На четвертые сутки «Онега» пришла в Ораниенбаум первой. В общем-то, теперь уже не было проблем с погрузкой и выгрузкой, танки и пушки расставлялись на палубе за считанные минуты и столь же быстро разгружались. Так что к полуночи мы уже были готовы снова выйти в море.

В кают-компании попили чаю.

— Что будем делать дальше, товарищ командир? — спросил меня лейтенант Самофалов. — Отдыхать или?..

— «Или» говорят только в городе Одессе, — засмеялся капитан 3-го ранга Владимир Бобров. — Ты же, Ваня, коренной балтиец и урожденный города Кронштадта!

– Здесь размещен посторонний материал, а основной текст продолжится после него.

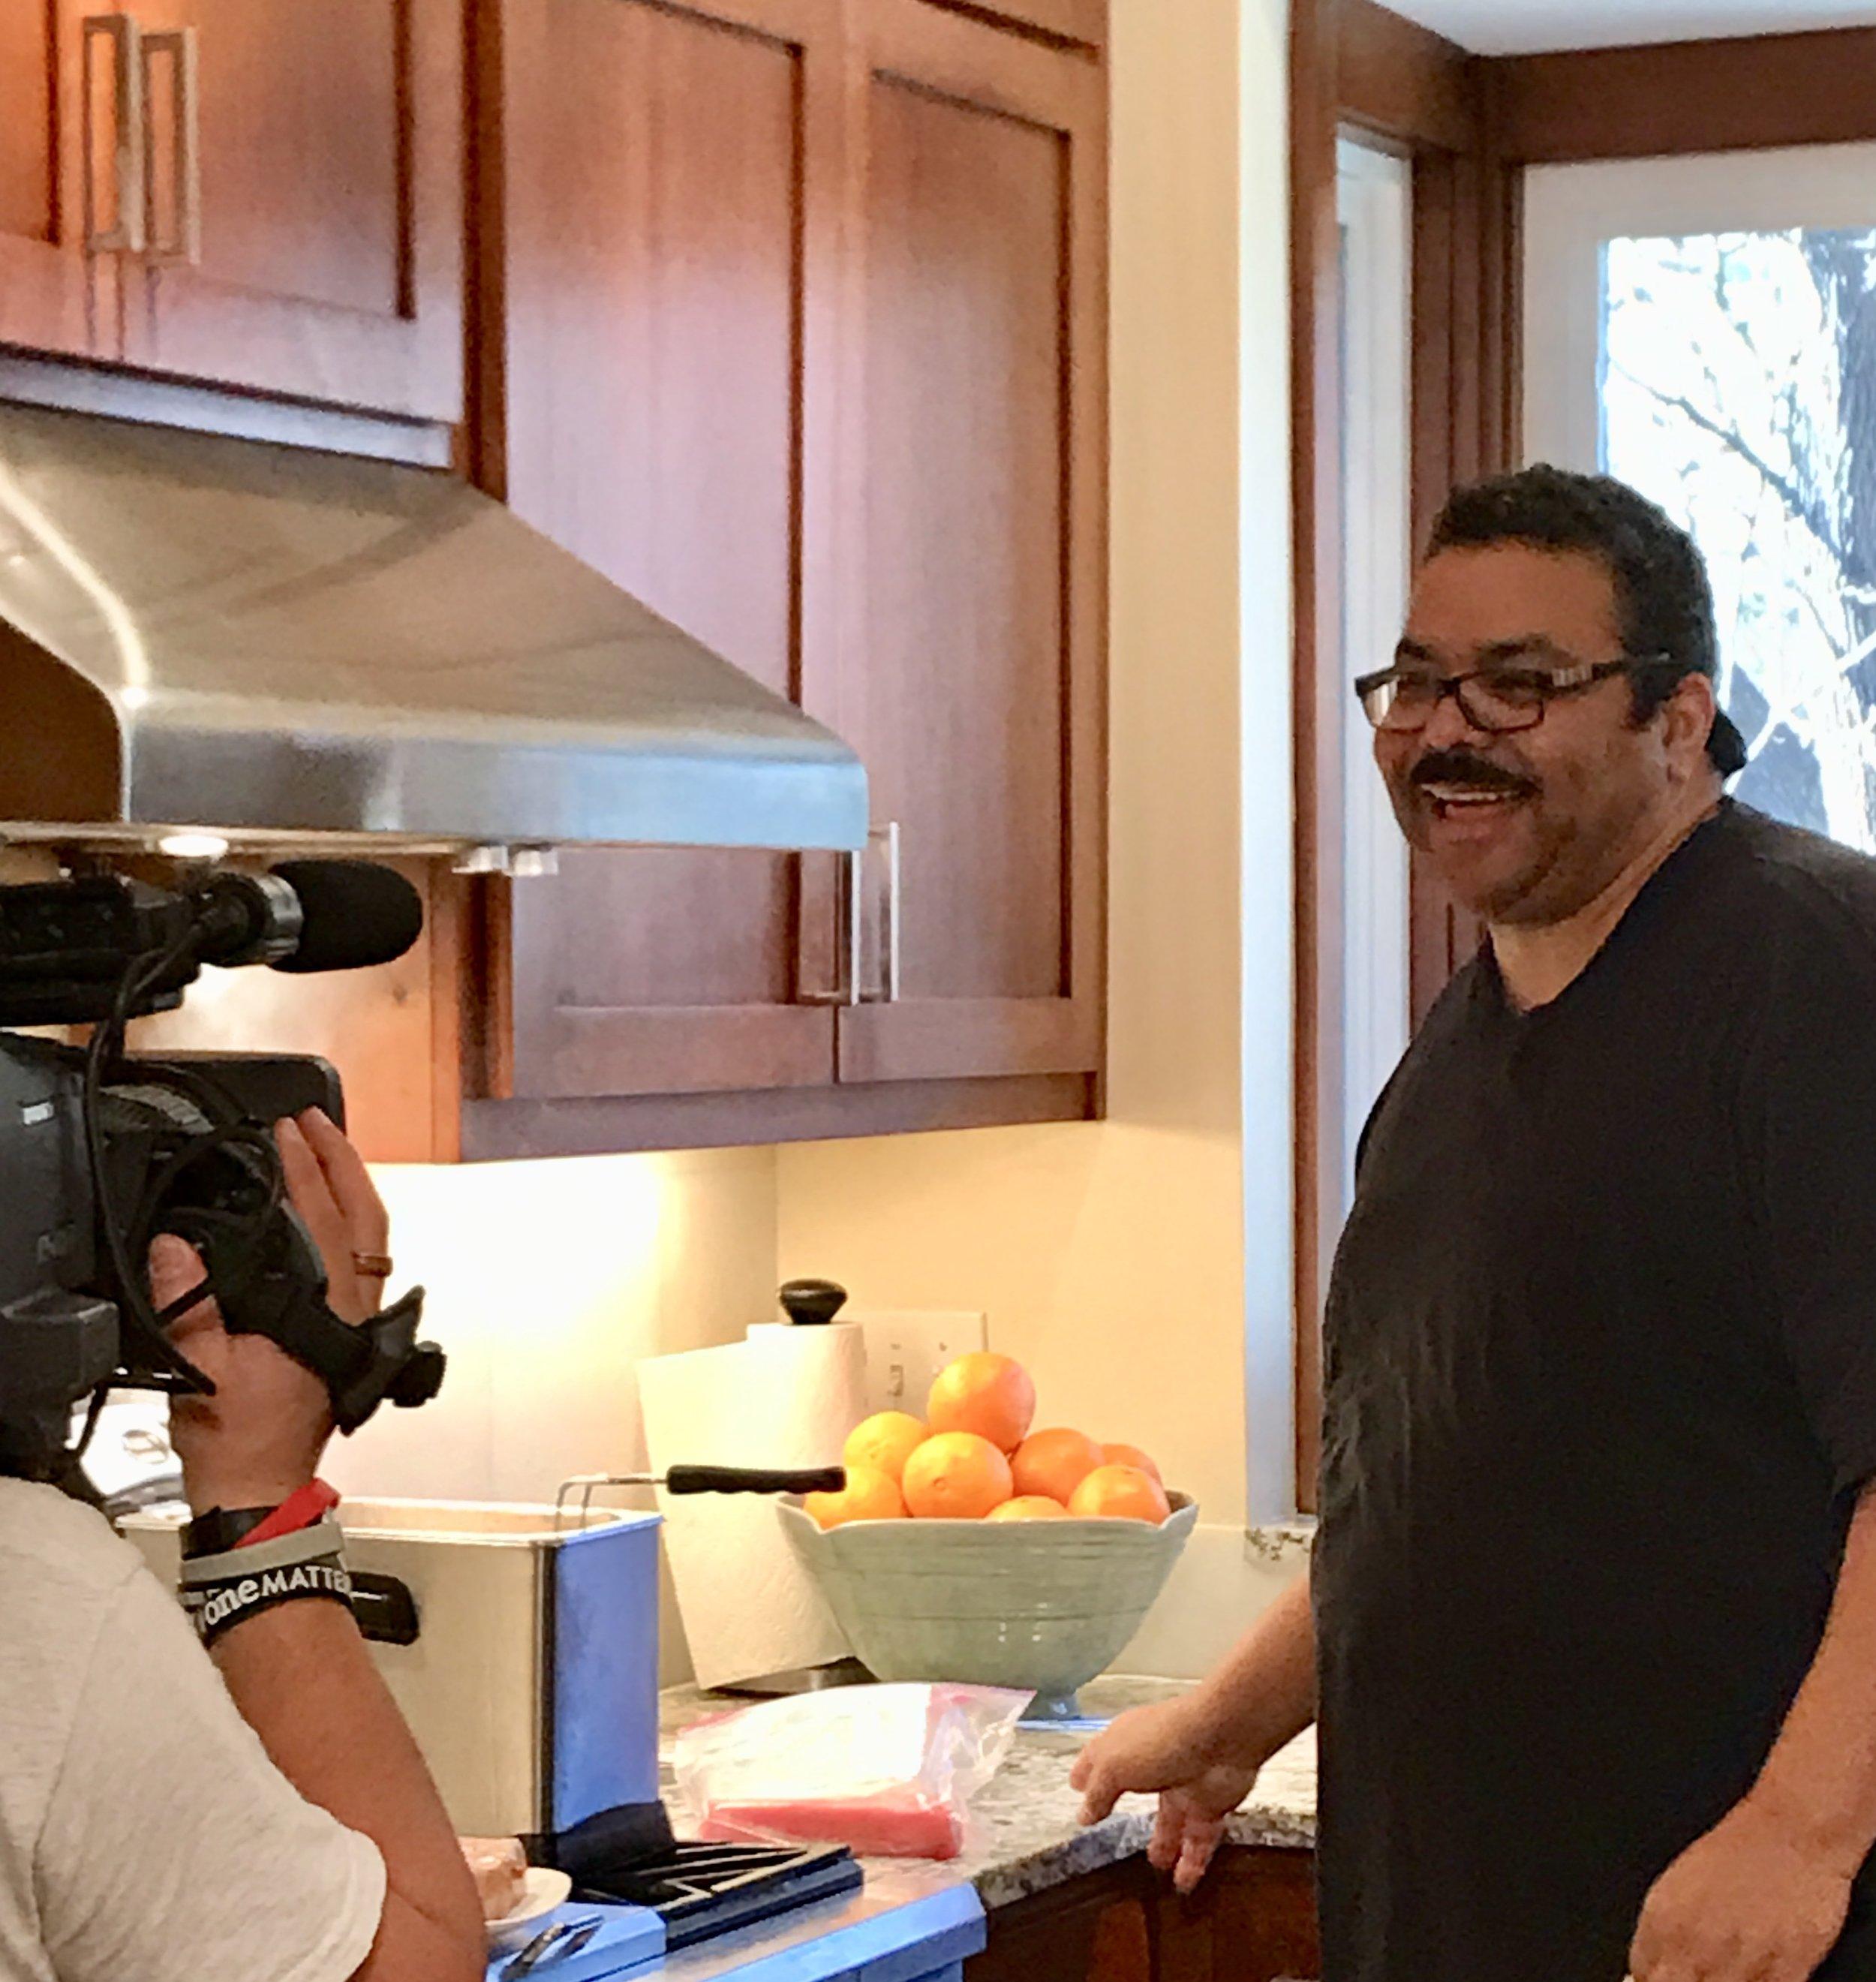 Chef Juan Having Fun on Camera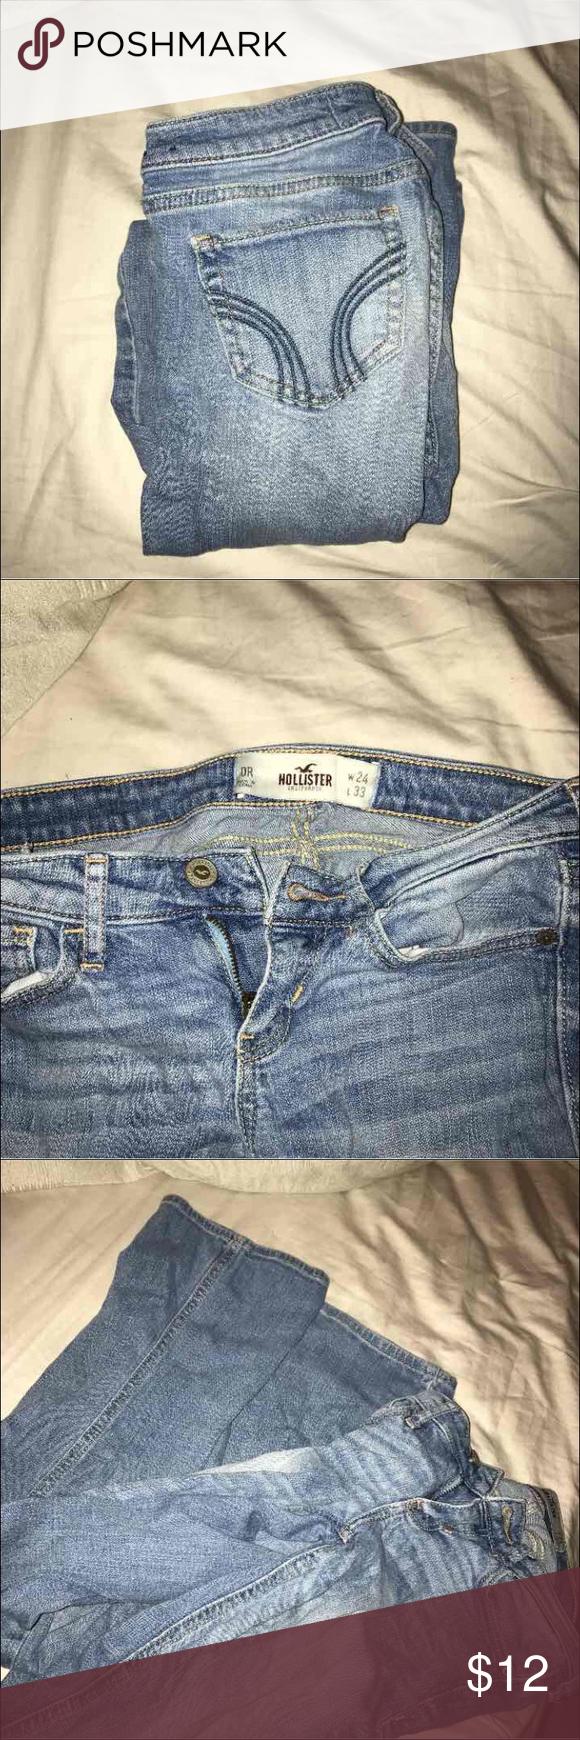 JEANS Hollister jeans for sale! Size:0R color: light wash.   Condition: GOOD Hollister Jeans Boot Cut

— И все-таки — «или», — в тон ответил я. — А не сходить ли нам еще в один рейс за танками? Как положено в таких делах, слово младшему по чину — лейтенанту медслужбы Голицыну. Ваше мнение?

Голицын, фельдшер по должности и образованию, но служака до мозга костей, во всем более похожий на строевого офицера, чем на медика, поднялся и сказал:

— Надо идти за техникой.

— Механик?

— Надо.

— Старпом?

— Фарватер во льду сейчас отличный, пройдем. Я — «за»!

— Решено, — подытожил я, потянулся к висящей на плетеном проводе груше звонка. Через несколько секунд явился вестовой. — Боцмана в кают-компанию!

В эту ночь мы сделали два рейса вместо одного и сумели переправить восемь танков…


Еще одна ночь. Снова Лисий Нос. Не успели ошвартоваться, на причал прибыл командующий флотом вице-адмирал Трибуц.

— Хочу посмотреть, как вы тут грузитесь, — ответил он на мой рапорт. Молча встал у лебедки. Стал за всем внимательно наблюдать. Потом подозвал меня. — Работаете хорошо, быстро. Но вот вопрос: а нельзя ли взять еще один танк?

На меня сразу нахлынули сомнения: еще 30 тонн! Доложил свои соображения комфлота. В ответ он улыбнулся и спросил:

— А что думает по данному поводу ваш боцман?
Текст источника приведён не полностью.